I played around with incremental backup yesterday and tried $subject

The WAL summarizer is running on the standby server, but when I try
to take an incremental backup, I get an error that I understand to mean
that WAL summarizing hasn't caught up yet.

I am not sure if that is working as designed, but if it is, I think it
should be documented.

I played with this some more. Here is the exact error message:

ERROR: manifest requires WAL from final timeline 1 ending at 0/1967C260, but this backup starts at 0/1967C190

By trial and error I found that when I run a CHECKPOINT on the primary,
taking an incremental backup on the standby works.

I couldn't fathom the cause of that, but I think that that should either
be addressed or documented before v17 comes out.

I had a feeling this was going to be confusing. I'm not sure what to
do about it, but I'm open to suggestions.
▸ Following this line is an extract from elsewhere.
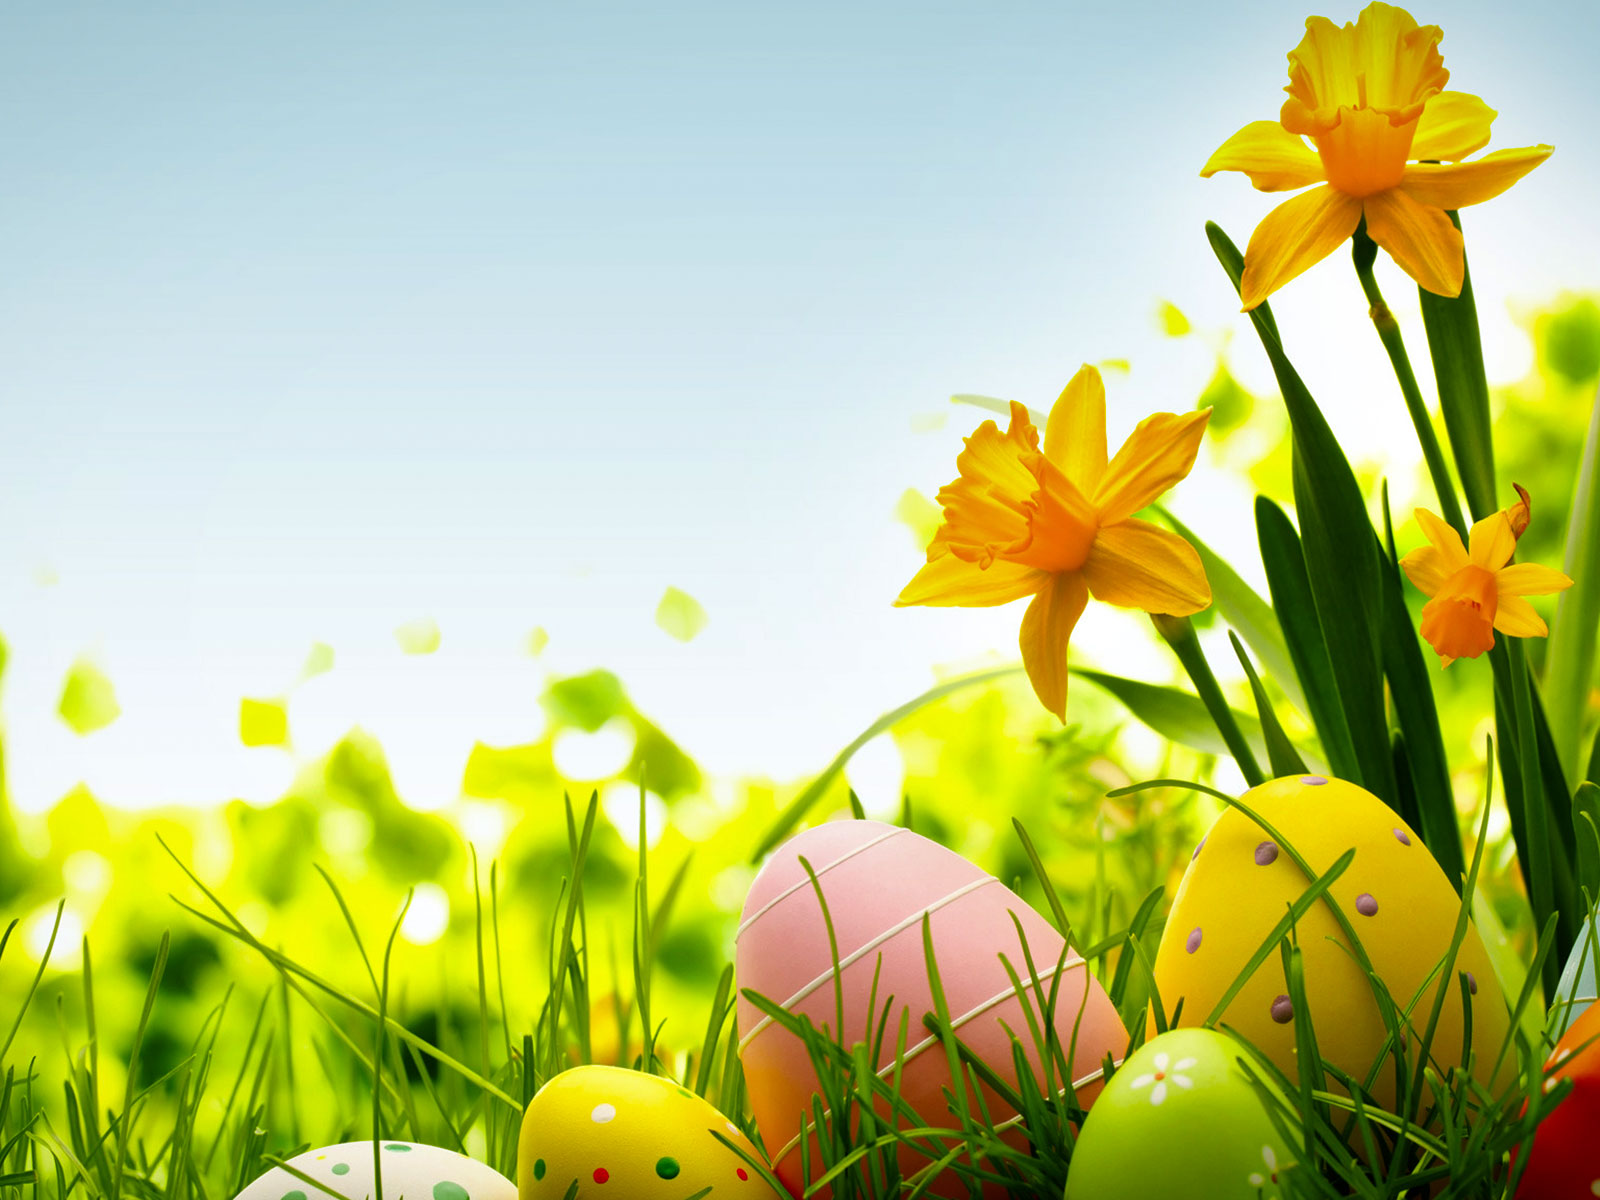 HDR Colorful Easter Egg Background.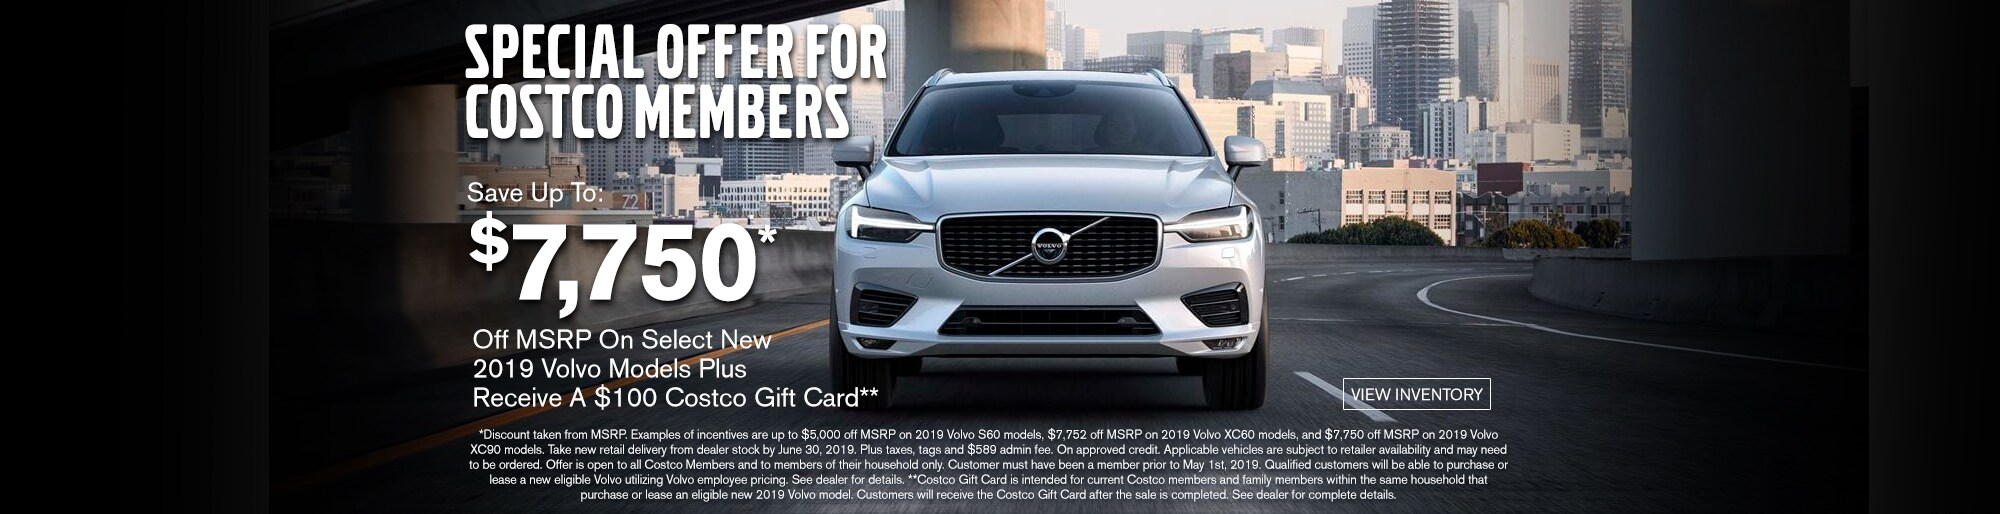 Costco Members Offer Volvo Cars Burlington

Suppose you take a full backup F; replay of that backup will begin
with a checkpoint CF. Then you try to take an incremental backup I;
replay will begin from a checkpoint CI. For the incremental backup to
be valid, it must include all blocks modified after CF and before CI.
But when the backup is taken on a standby, no new checkpoint is
possible. Hence, CI will be the most recent restartpoint on the
standby that has occurred before the backup starts. So, if F is taken
on the primary and then I is immediately taken on the standby without
the standby having done a new restartpoint, or if both F and I are
taken on the standby and no restartpoint intervenes, then CF=CI. In
that scenario, an incremental backup is pretty much pointless: every
single incremental file would contain 0 blocks. You might as well just
use the backup you already have, unless one of the non-relation files
has changed. So, except in that unusual corner case, the fact that the
backup fails isn't really costing you anything. In fact, there's a
decent chance that it's saving you from taking a completely useless
backup.

On the primary, this doesn't occur, because there, each new backup
triggers a new checkpoint, so you always have CI>CF.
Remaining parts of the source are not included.